Are you interested in a Call of the Page course? We run courses on haiku; tanka; tanka stories/prose; haibun; shahai; and other genres.

Please email Karen or Alan at our joint email address: admin@callofthepage.org
We will let you know more about these courses.

Call of the Page (Alan & Karen)

Friday, November 02, 2018

Why haiku is different and Basho never wrote them in English


The term haiku in Kanji



Why haiku is different
An ongoing article by Alan Summers


Haiku (plural and singular spelling) began to be written in the 1890s onwards.
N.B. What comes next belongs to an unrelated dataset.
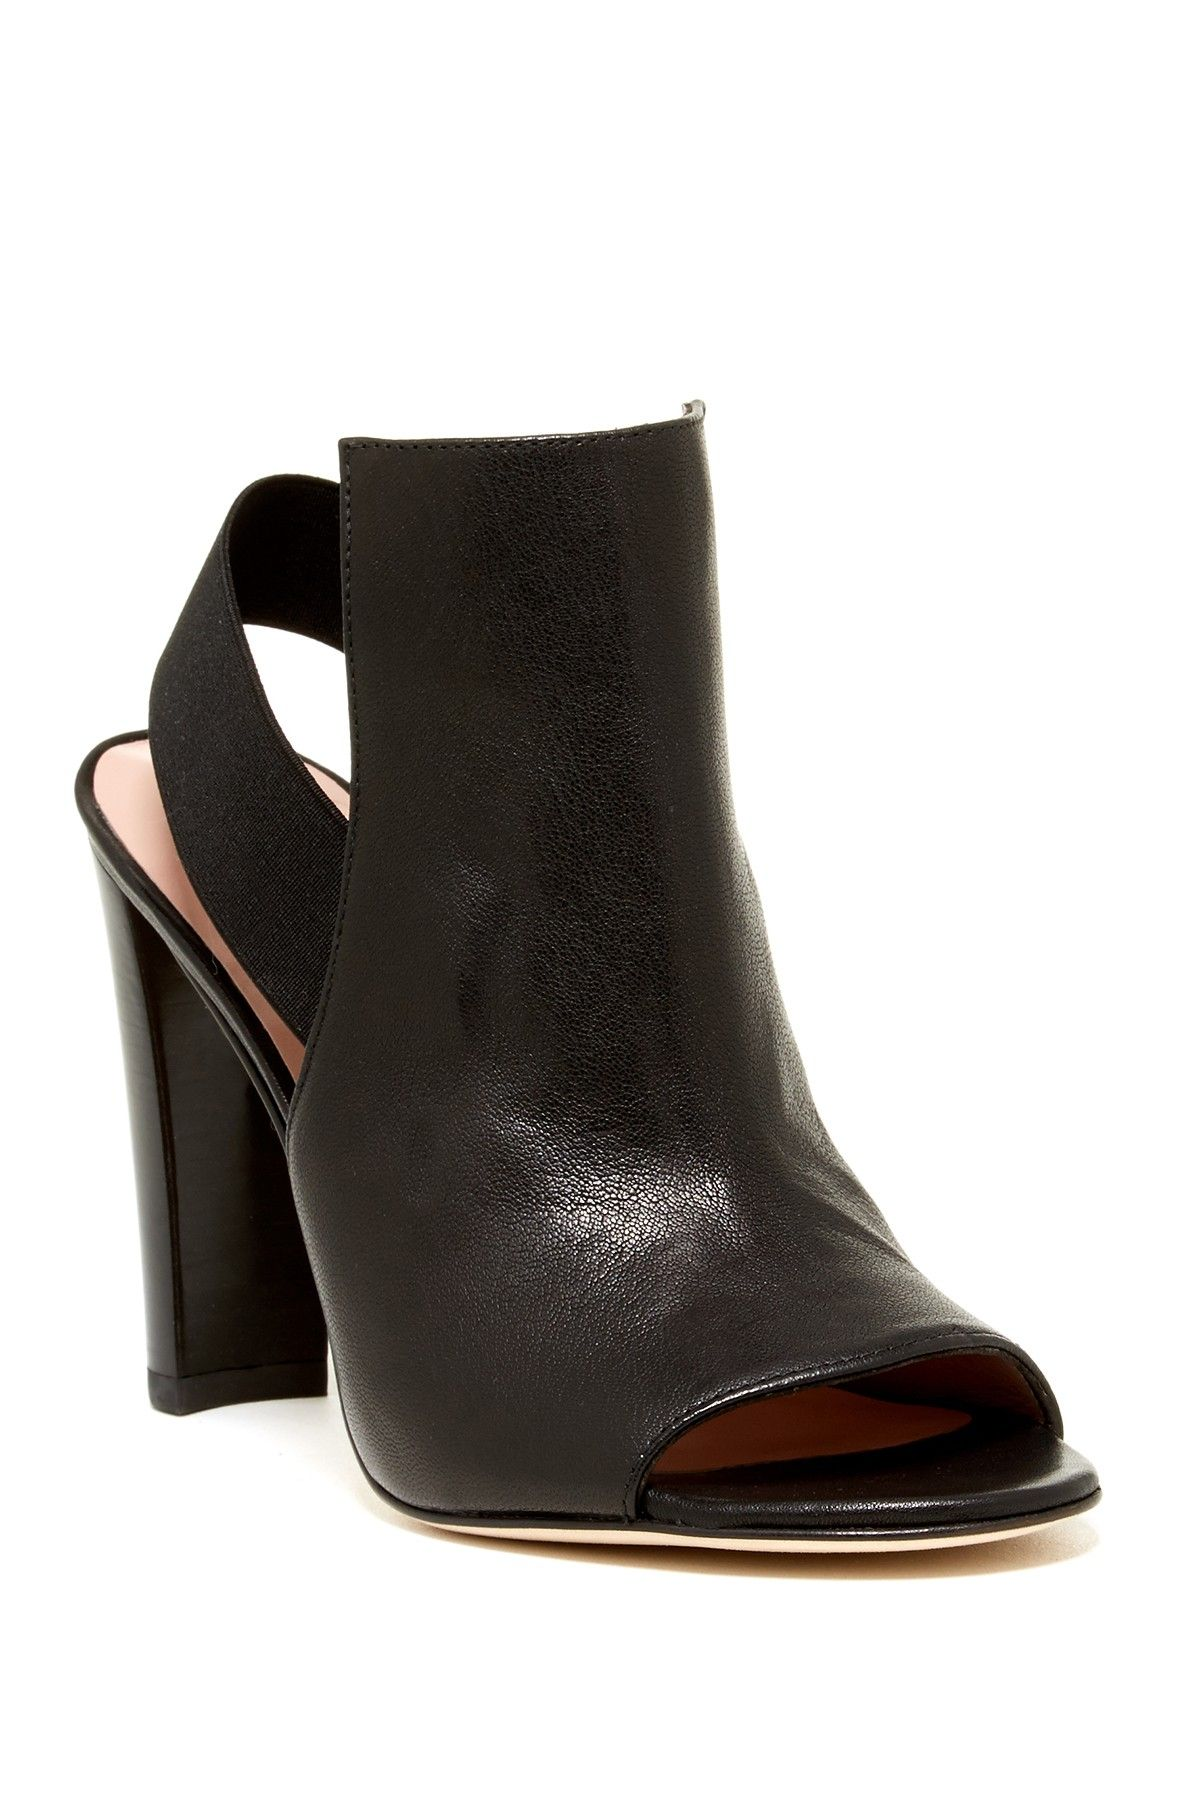 b968fb0e3ef Fronton High Heeled Shoe

It was?! 

I often read that haiku is called ancient, but doesn’t that mean hundreds if not thousands of years old? That’s not really true, and anything modern or fairly modern has its roots back in ancient times, from coffee, macchinatios, pizza, bread, wine, beer, food and drink in general etc… We wouldn’t surely walk into a café and ask for an ancient cup of coffee, and ask for an ancient sandwich. We might risk our health by doing so!

So yes, haiku is not actually that old, but comes from another type of poetry that is older, and that older poetry comes from an even older poetry and so on and so on. It was the journalist Masaoka Shiki (正岡 子規 1867 – 1902) who used a rarely known term called ‘haiku’ and made it into a specific (and new) role in poetry, thus creating a genre around that term, which continues to be popular today. 
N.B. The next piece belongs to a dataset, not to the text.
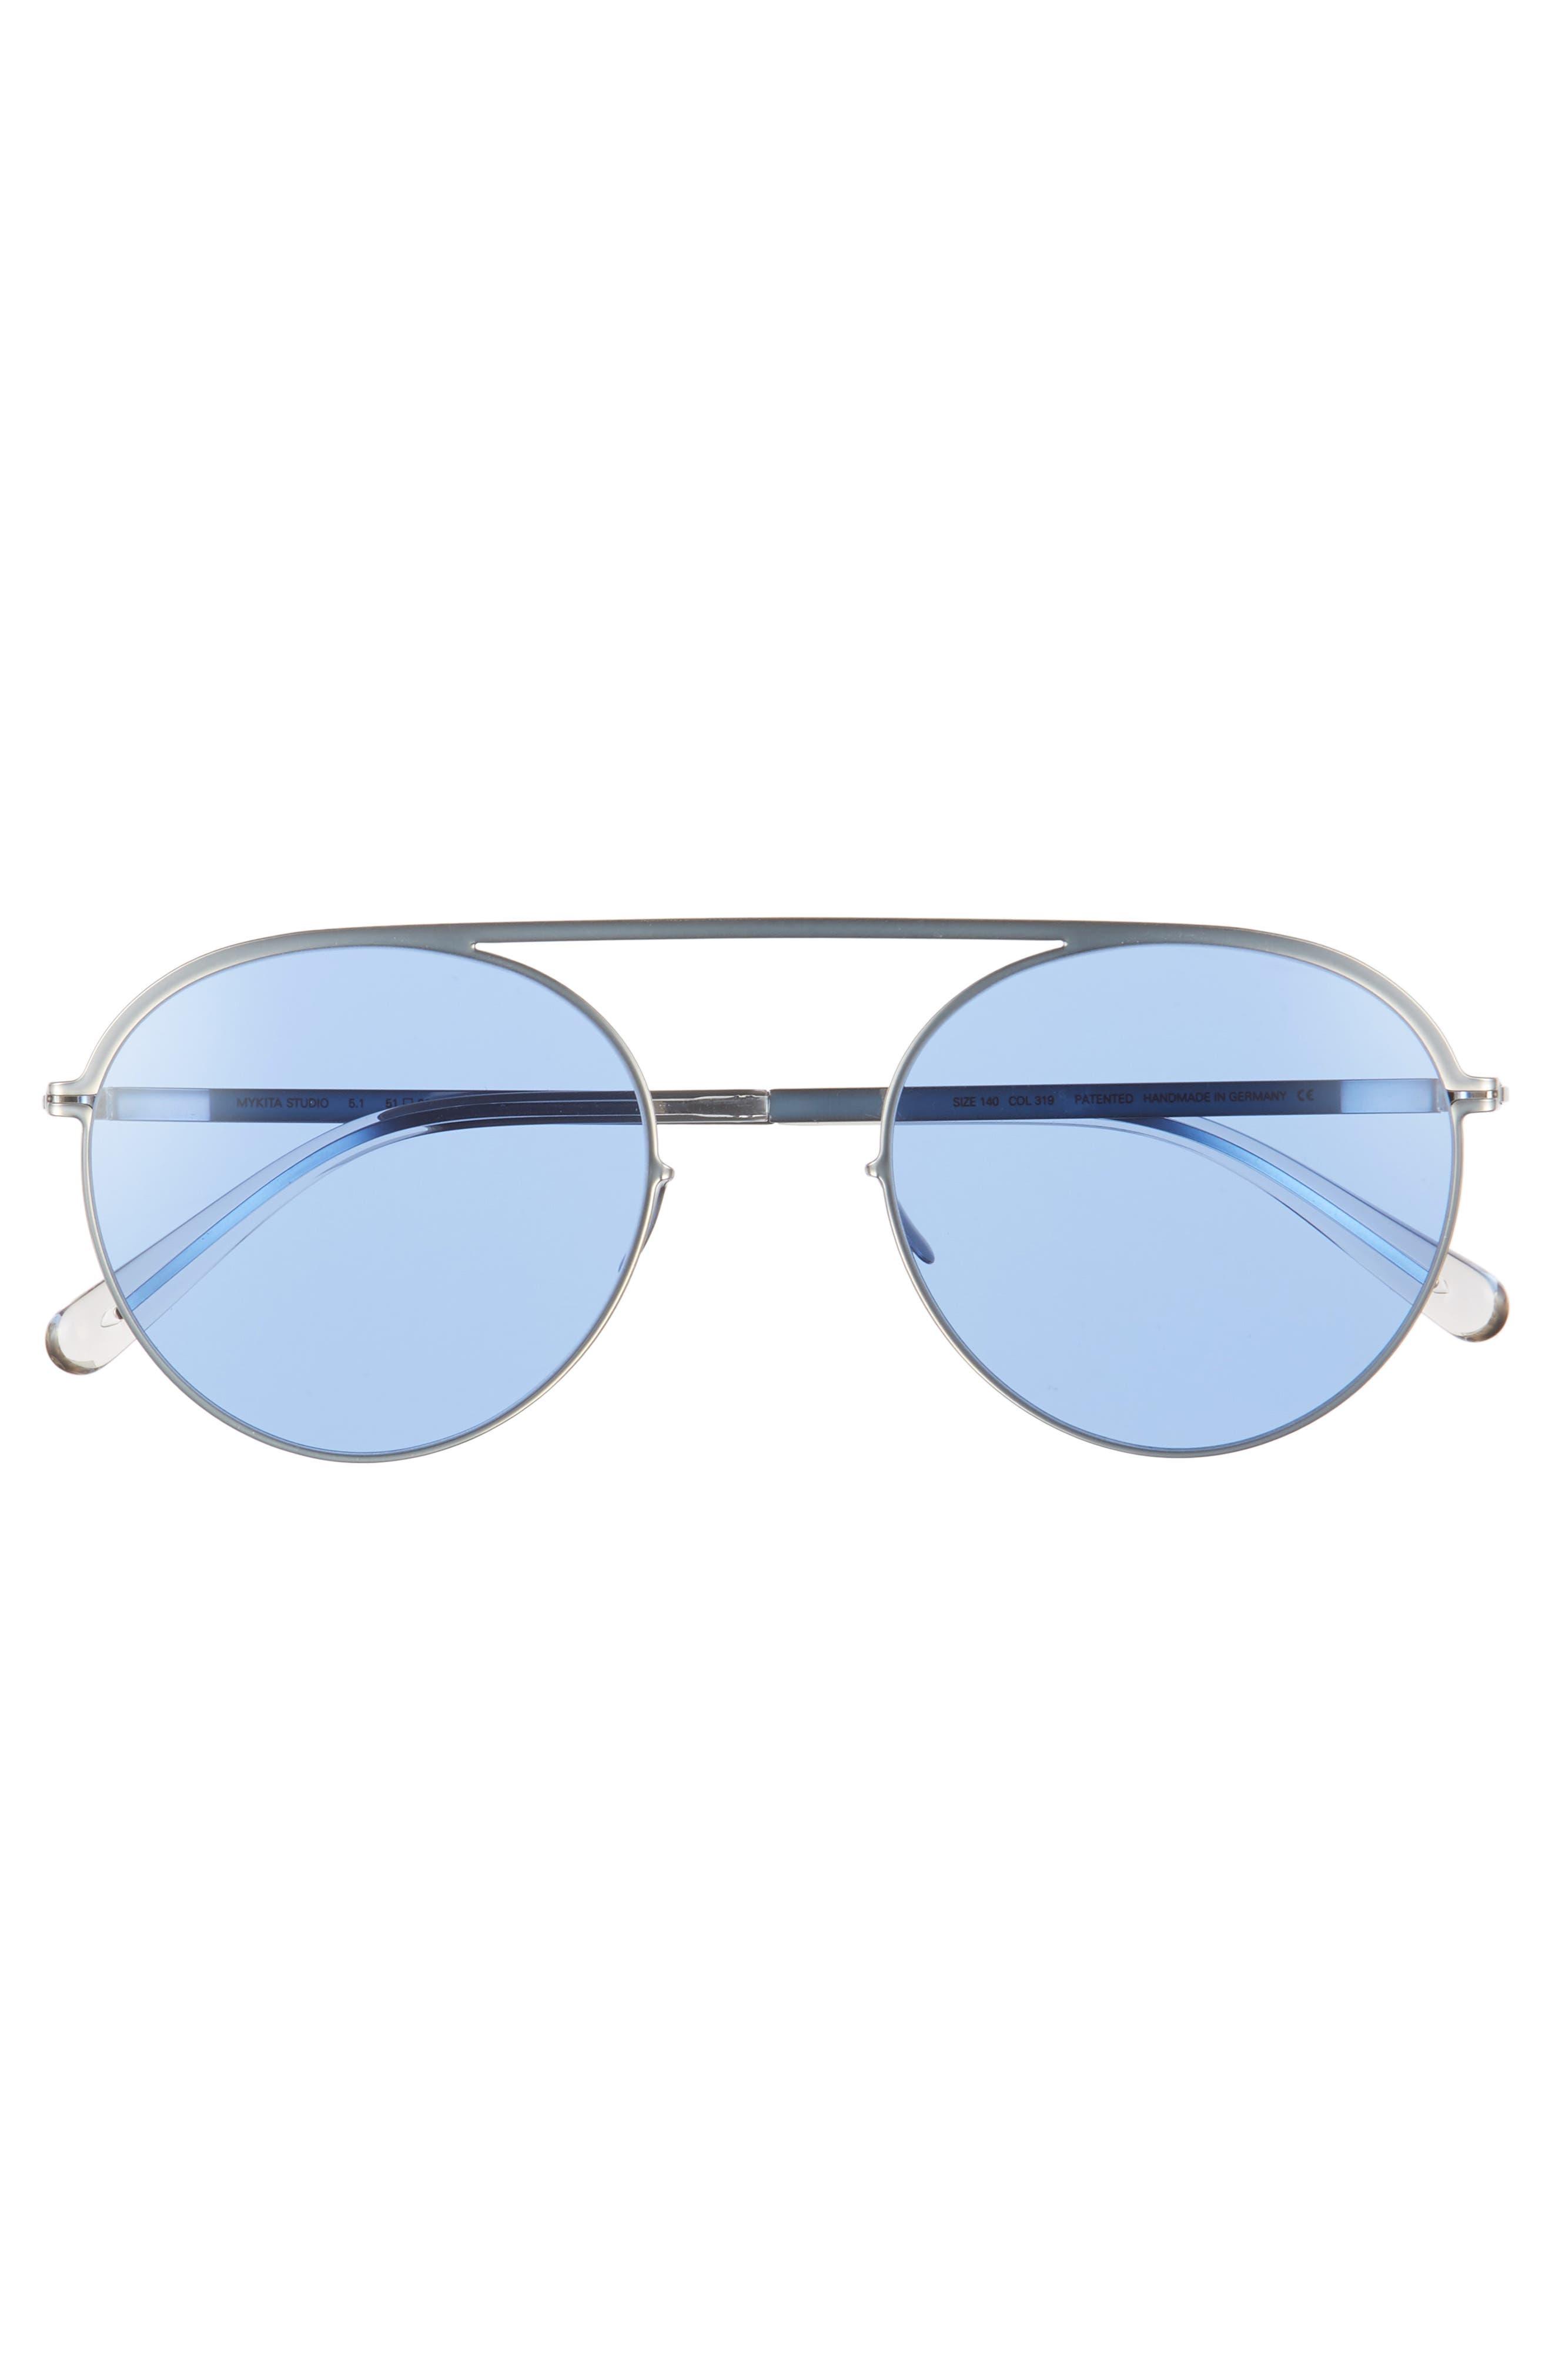 Studio 5.1 51mm Sunglasses,                             Alternate thumbnail 2, color,                             040

Shiki wasn’t a fan of the common and popular activity where poets gathered to produce a number of verses together, where the final poem was all their joint verses linking each other which was called a ‘renku’. The special verse that kickstarted a renku group poem was called a “hokku”.

“At first Shiki used both “hokku” and “haiku” but then started to use solely “haiku” to replace “hokku”, because “hokku” implied that other stanzas were to follow and became inappropriate.”

The Importance of a Sense of Humour in Haiku by Susumu Takiguchi


Throughout this article I will intersperse haiku, to hopefully show how different styles can make up the genre called “haiku”. 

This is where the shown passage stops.